87 F.4th 229
4th Cir.2023Background
- John Doe, a medical-malpractice lawyer, negotiated a settlement with the University of Maryland Medical System (UMMS) for client Jane Roe, demanding $25M for Roe and an additional $25M personally as a consultancy fee, while threatening public smear campaigns if terms were not met.
- UMMS reported attempted extortion; FBI recordings and a subsequent indictment charged Doe with attempted extortion under federal statutes; a separate grand jury investigation issued subpoenas duces tecum to Doe’s assisting law firms and an associate (Lawyer 3).

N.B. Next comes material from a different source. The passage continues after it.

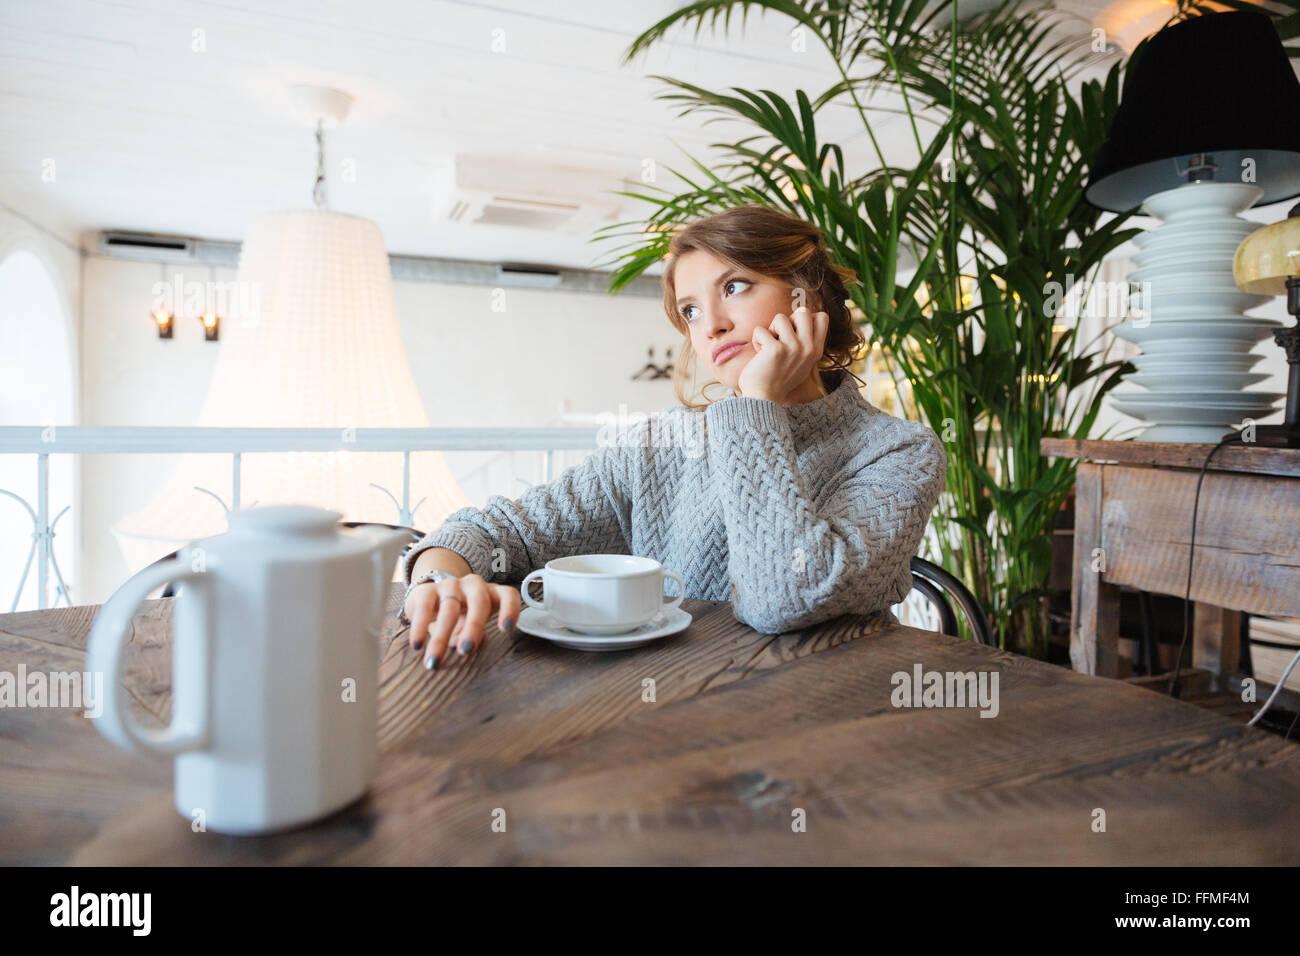 Mujer joven esperando a alguien en el café Imagen De Stock

- Doe and Roe moved to quash the grand jury subpoenas; the district court denied the motions, required privilege logs, and later granted the government’s motion to compel production in part, applying the crime-fraud exception to certain work-product and finding waiver of attorney-client privilege for some communications.
- The district court held (inter alia) that documents concerning Doe’s proposed consultancy were not prepared primarily in anticipation of litigation (so tangible work product protection was weak) and that the crime-fraud exception justified disclosure of opinion work product tied to the alleged scheme; it also found Roe waived privilege by voluntarily cooperating with Maryland Bar Counsel.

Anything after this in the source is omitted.